SOLARIS – Stanisław Lem (1961)

Solaris Lem cover first editionAt the beginnings of my forays into science fiction, it quickly became clear Solaris was one of the key texts, and so a physical copy of the book has been on my shelves for years. There were two reasons I didn’t take it out sooner. The main thing was me having the wrong idea of what it was about. I’m not sure why, but I thought the story focused on a crew slowly growing mad, and I’d mentally labeled it something like ‘psychological horror in space’, a genre I’m not that interested in. The other reason was Steven Soderbergh’s adaption: I’d seen it in a movie theater when it came out back in 2002, and while I don’t remember any other thing about it, at the time my reaction was lukewarm at best.

It was only after a conversation in the comments to my review of Asimov’s The Gods Themselves that I realized I had the wrong idea about the book. That conversation was with Polish native Ola G, and it turns out she wrote two excellent pointers about Stanisław Lem, here and here – do click on those if you want an accessible yet fairly thorough overview of Lem. On the strength of Solaris and Ola’s posts, I have added Fiasco, The Invincible and The Cyberiad to my TBR.

Before I look a bit closer at the novel itself, a few notes on the translation. The English translation from 1970 by Joanna Kilmartin and Steve Cox was based on a French version. Not ideal, and Lem wasn’t satisfied with the result either. Sadly, it is the only available English version in print, even though Bill Johnston completed a direct translation from the original Polish in 2011 – a version Lem’s wife and son thought “captured the spirit of the original.” Johnston’s translation was released as an audio book and a Kindle edition, but a paper edition is stuck in legal limbo. I can’t say the prose was bad, but some sections felt a bit dry & lifeless, and I’m chalking that up to Cox & Kilmartin. Just to be clear: all this is no reason to not read this book – it is a deserved classic – but should you have the option: go for the Johnston version.
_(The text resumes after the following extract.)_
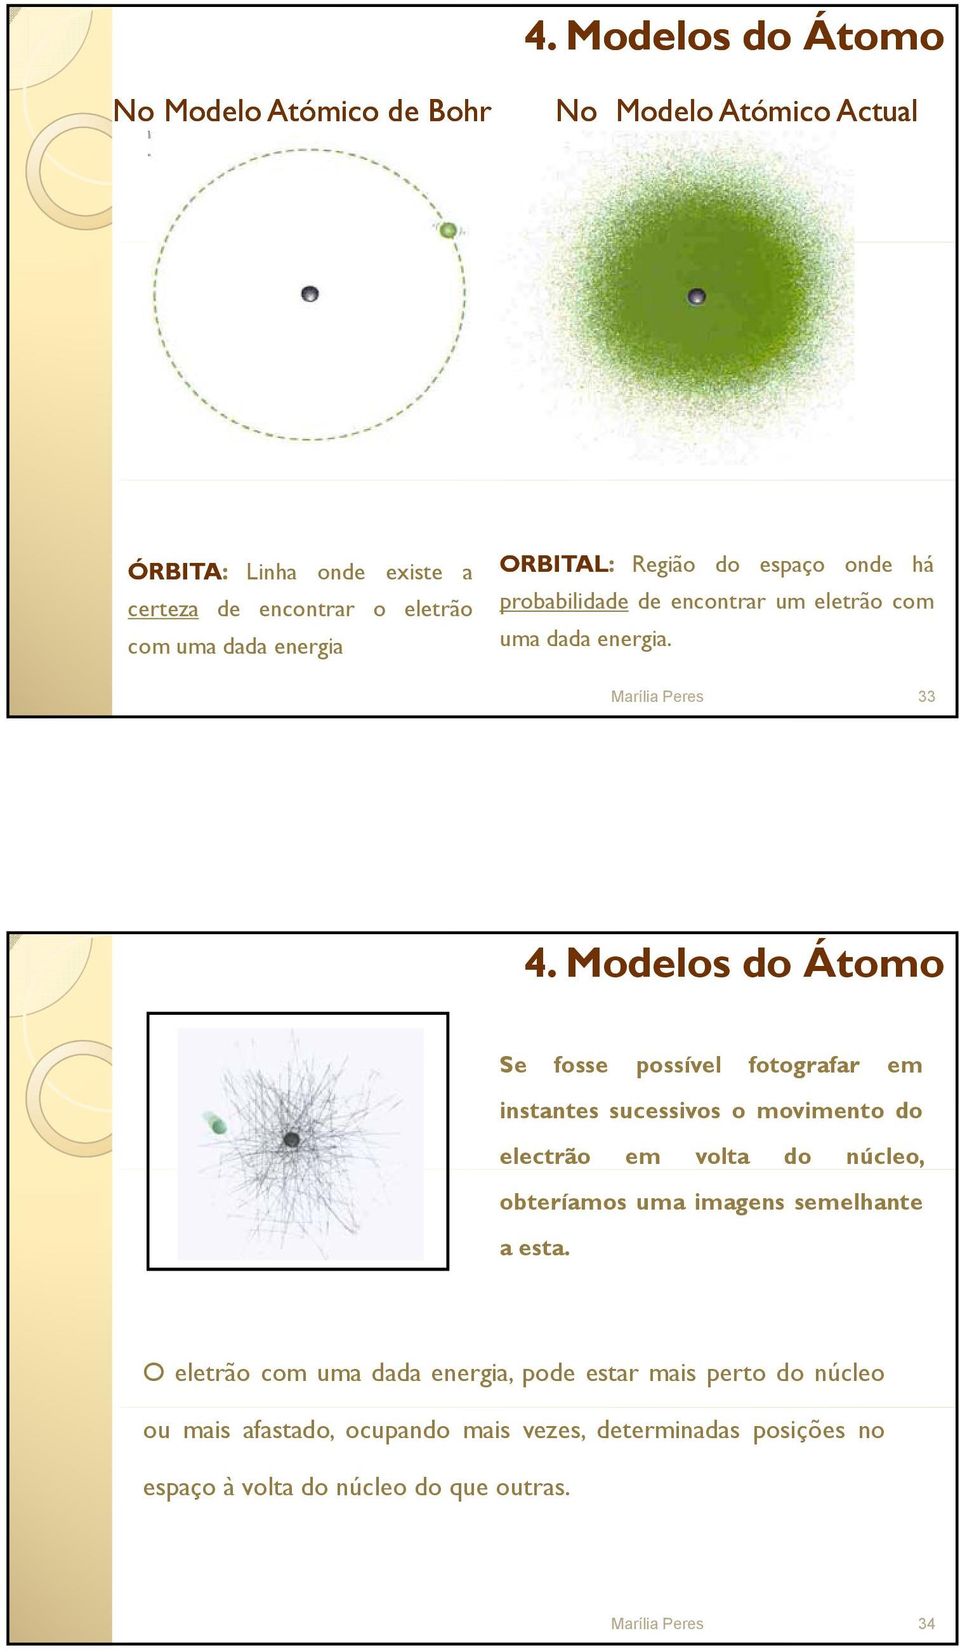 Modelos do Átomo Se fosse possível fotografar em instantes sucessivos o movimento do electrão em volta do núcleo, obteríamos uma imagens semelhante aesta.
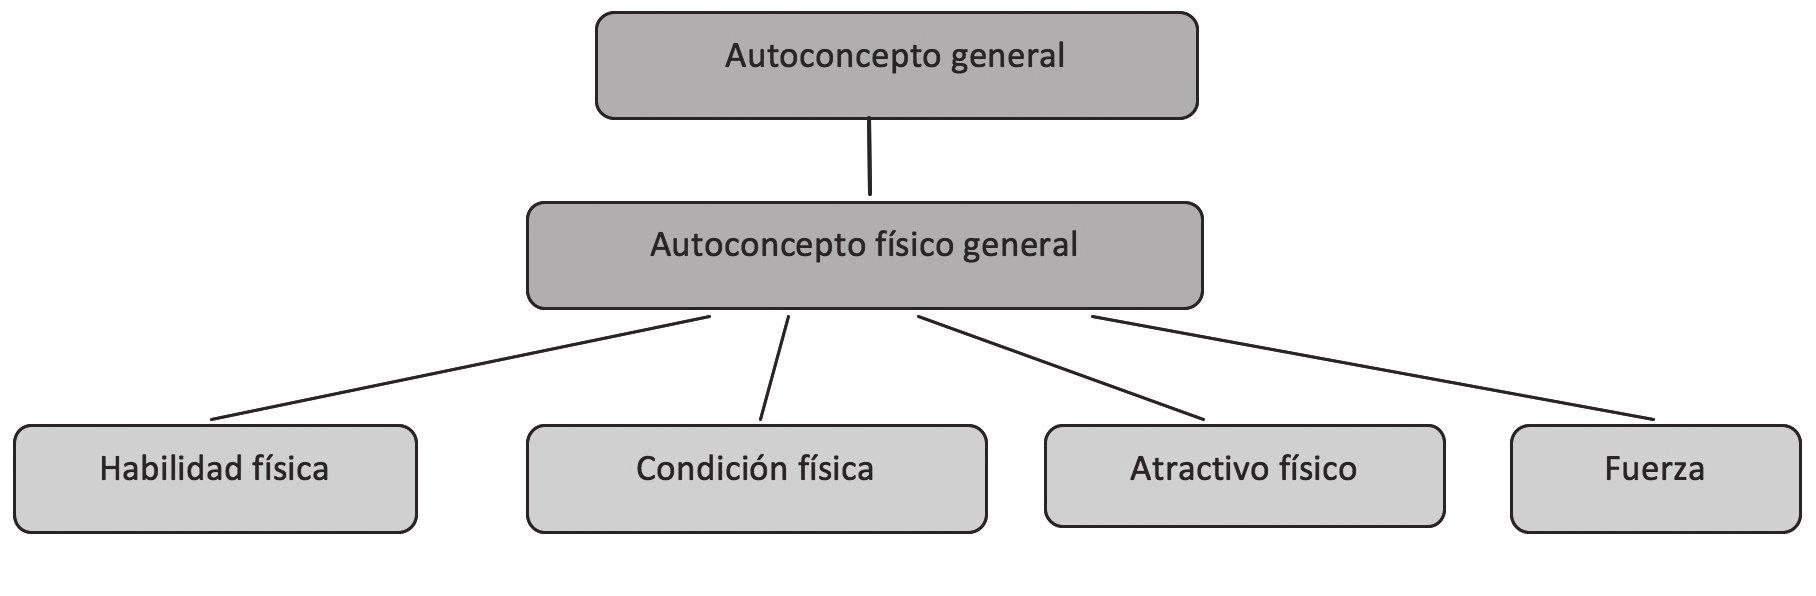 Diferencias en autoconcepto físico en escolares de primaria y secundaria Antonio Fraile Aranda, Javier Catalina Sancho A partir de este modelo de Fox (1988) y de Fox y Corbin (1989), Esnaola (2005) y

As in lots of Stanisław Lem’s stories, an important theme of Solaris is “the complete failure of human beings to understand an extraterrestrial intelligence”. I will not write a whole lot more about it here, as heaps of pages been written about it already. Curiously this theme is largely absent from the two latest movie adaptations, while it is central to the novel.

The quest for alien aliens is not new for aspiring sci fi writers, and even Asimov failed miserably to evoke something non-antropomorphic in his sole attempt at aliens in the aforementioned The Gods Themselves. That novel nonetheless shares another theme with Solaris: the working of science. Now that I think of it, it’s also key to Radiance, and so accidentally I’ve read & reviewed three books in a row on the matter, and in all three truth is hard to come by. It’s probably telling that only Asimov, while very critical of scientists, lets science redeem his story. Lem takes the other route: by account of Grastrom, “one of the most eccentric authors in Solarist literature”, all science is anthropomorphic. The reader of Solaris is left holding the bag, but there are no definite answers in it – aside from the fact that humans originated on Earth, and our particular ecological history severely limits our epistemological power.

Back to those aliens. It is to Lem’s credit that he just lets it be, and does not resolve a thing. While Greg Egan envisioned aliens even farther removed from our own reality, in Schild’s Ladder rapport proves possible, and also Asimov writes about successful communication – granted, very limited communication, but extremely crucial.

It’s curious that our relation to alien intelligence isn’t upfront in the movies, but then again, maybe it is not. I thought the strongest suit of Solaris was the character of Harey – or ‘Rheya’ in the translation I read. She is quite an invention, and her nature has spawned essays like this – full of spoilers, beware. How would you define the personhood of something that springs out of existence from an alien entity’s registration of another person’s memories – a body without memories of her own life except through the eyes of that other? Her trajectory and growing self-awareness is painted only sketchily, but it is a very powerful portrait nonetheless.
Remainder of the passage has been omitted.